Given the above nuances, we can further modify the #1, #2 bullet-list (below) too better define the various points falling under each point expanded upon from the discussion(s) to date. --- George Orwell III (talk) 02:05, 13 April 2013 (UTC)
Thanks George, that reads well. I like the bullet list also. Why did you strike out "covered by Wheaton v. Peters [8 Peters 591] vein of U.S. case law" under "U.S. Federal"? As I understand it both 17 U.S.C. 105 & Wheaton v. Peters work to prevent copyright for these. Jeepday (talk) 11:01, 13 April 2013 (UTC)
I've amended it to better reflect the Wheaton principle is not invalidated at the Federal level, merely superseded by a more expansive (i.e. better) provision in the law, found directly in the current statutes of the United States. Thanks for pointing out the possible confusion. -- George Orwell III (talk) 20:00, 13 April 2013 (UTC)

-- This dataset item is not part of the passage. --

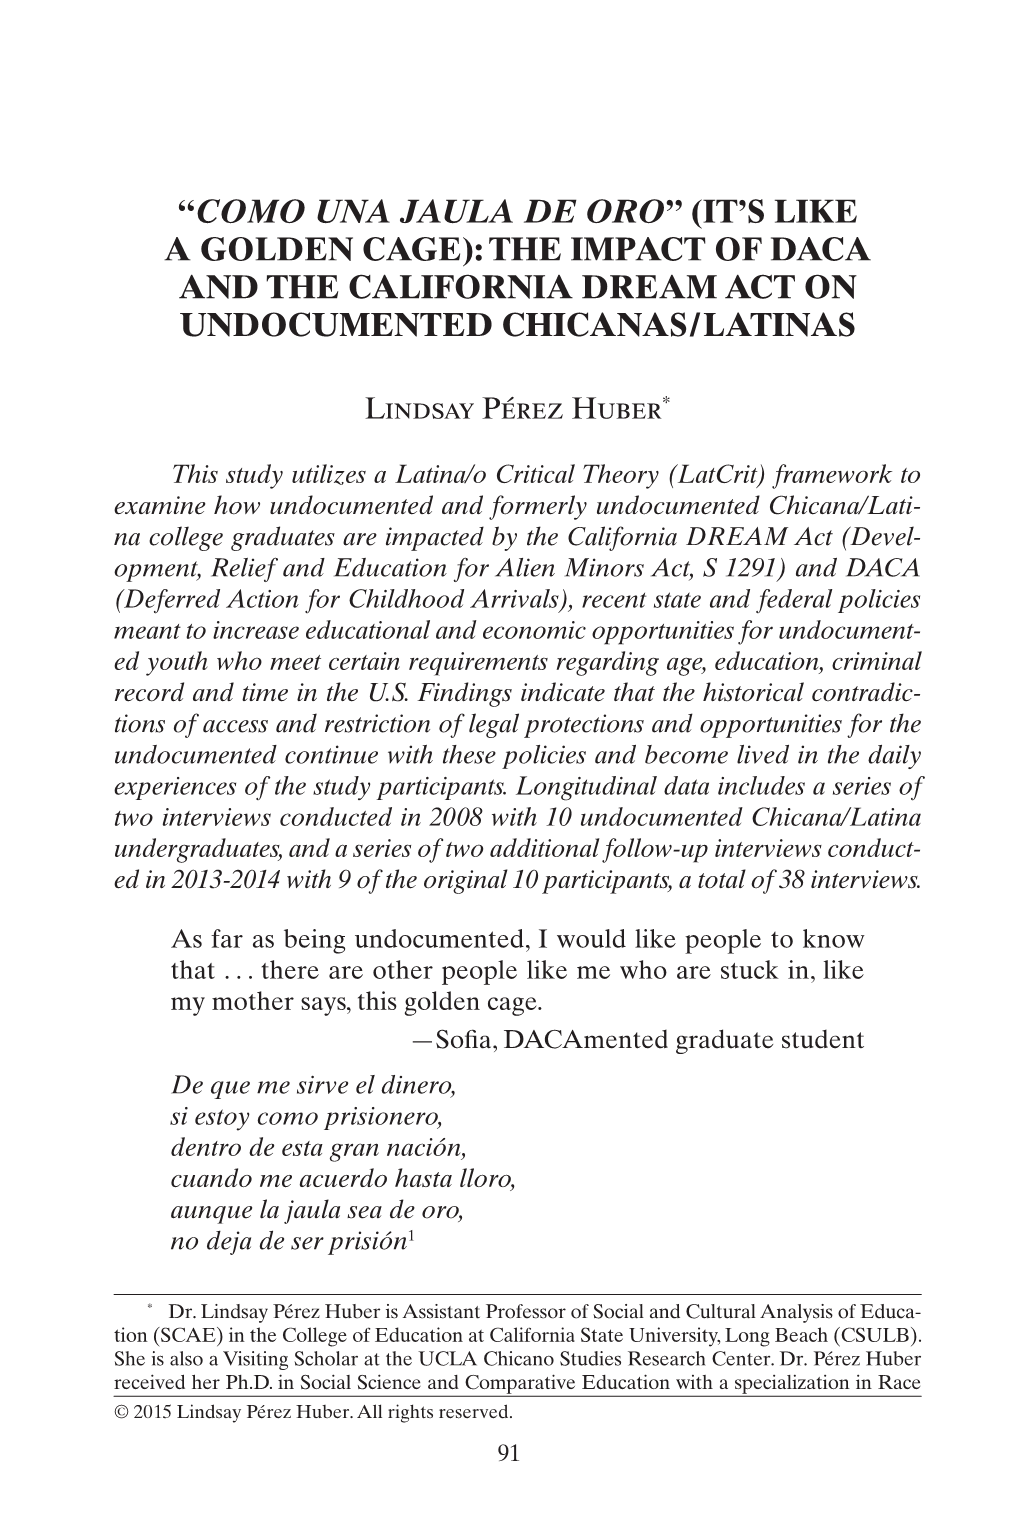 The Impact of Daca and the California Dream Act on Undocumented Chicanas/Latinas

  • Is there evidence of wide spread interpretation of allowing Wheaton & Compendium II to grant copyright prohibition to "Governments outside of US Law"? Is the lack of court challenges because no one is republishing these works? Jeepday (talk) 11:32, 13 April 2013 (UTC)
    Any interpretation should be approached from another direction. Currently we try to base inclusion/exclusion of Foreign Gov't works based on U.S. law, but this is counter intuitive compared to the adherence to the Copyright Laws of foreign nations and the international Treaties with them that "other" nations tend to follow. If a foreign government wants to release their works into the public domain (or not), they should be outlining as much in their own national copyright laws (just like the U.S. Federal government has). And we have dozens and dozens of examples of Nations both explicitly & implicitly placing their government works in the public domain. None of this Compendium-base c-rap is even necessary if we stick to that approach.

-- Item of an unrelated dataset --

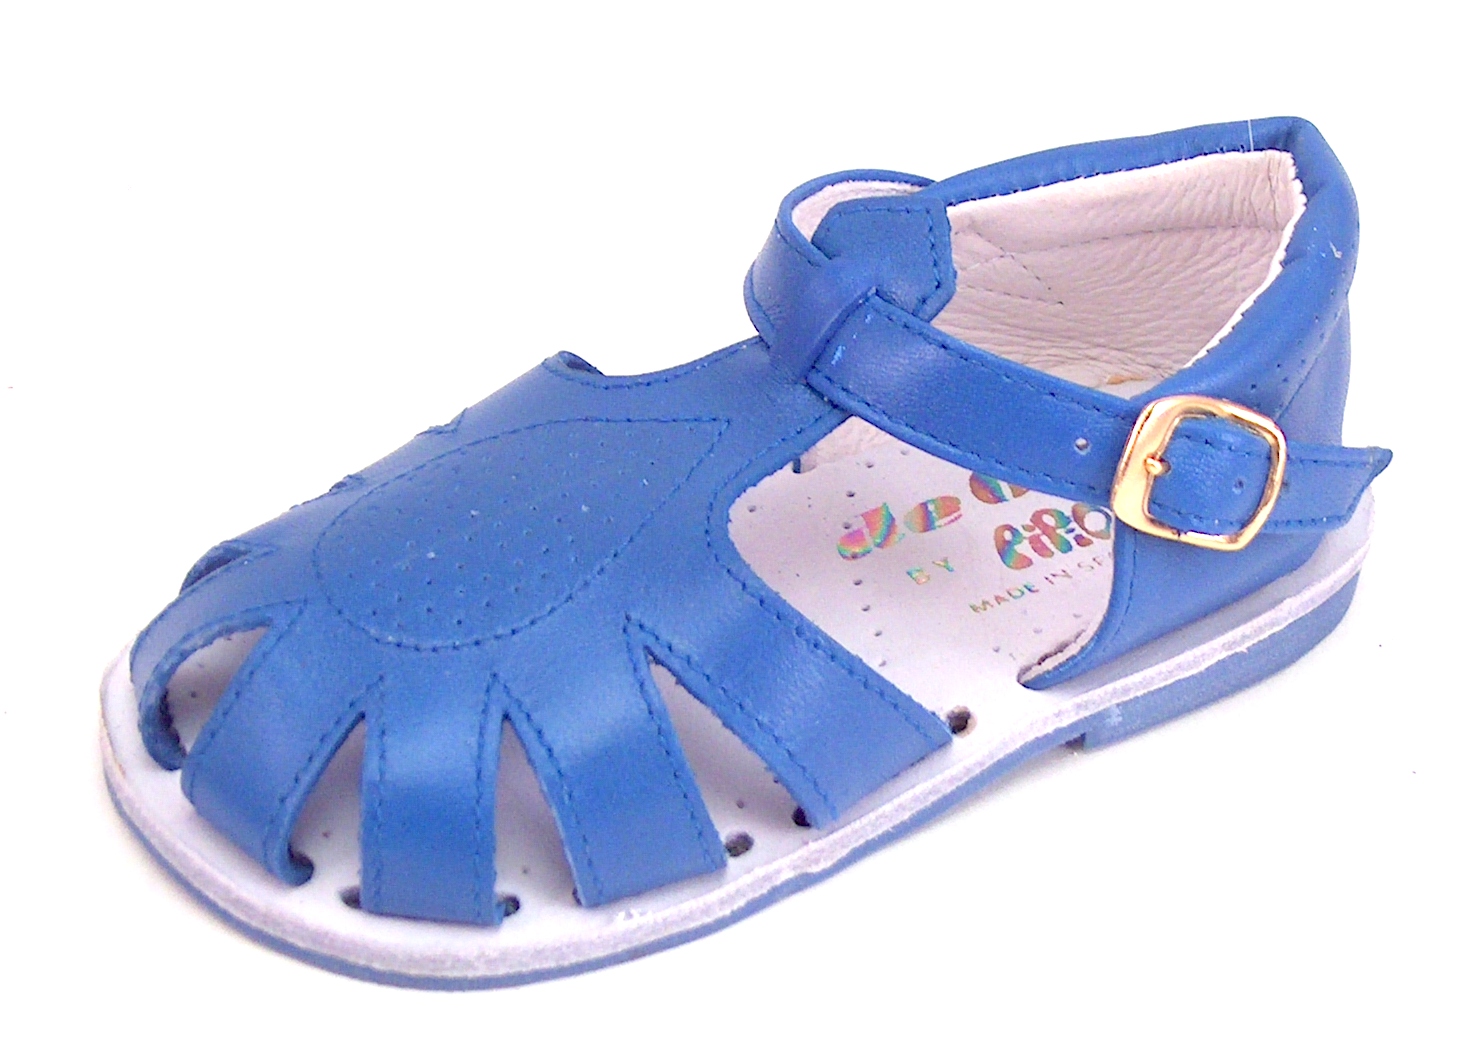 440 - Baby/Toddler Blue Leather Sandals

    Its not that government works similar to the output of the U.S. Federal government aren't being produced world-wide - they are just being "registered" at home (if at all) and not the U.S. Copyright Office (why in blazes would they? Most being recognized members of Berne, URRA, etc., "registering" at home basically provides them with the same protections as registering in the U.S. ever could but is being secured by treaty rather than by U.S. law). So it does seem to be true that nobody is "publishing" these works for normal distribution in the U.S. (again, why in blazes would they? It's not their citizenship!). The chances of a rogue publisher pirating official government works of a foreign nation here in the U.S. and actually making enough money to even cover expenses is just not very likely (well pretty stupid actually).

    I can see the best thing now is to show the Copyright Office's own Congressional testimony. If I remember right, I believe they even cast a long shadow of doubt on the application of anything in the Compendium starting with the age of the Internet, but it is been some time since that so I may be wrong. More later. -- George Orwell III (talk) 20:00, 13 April 2013 (UTC)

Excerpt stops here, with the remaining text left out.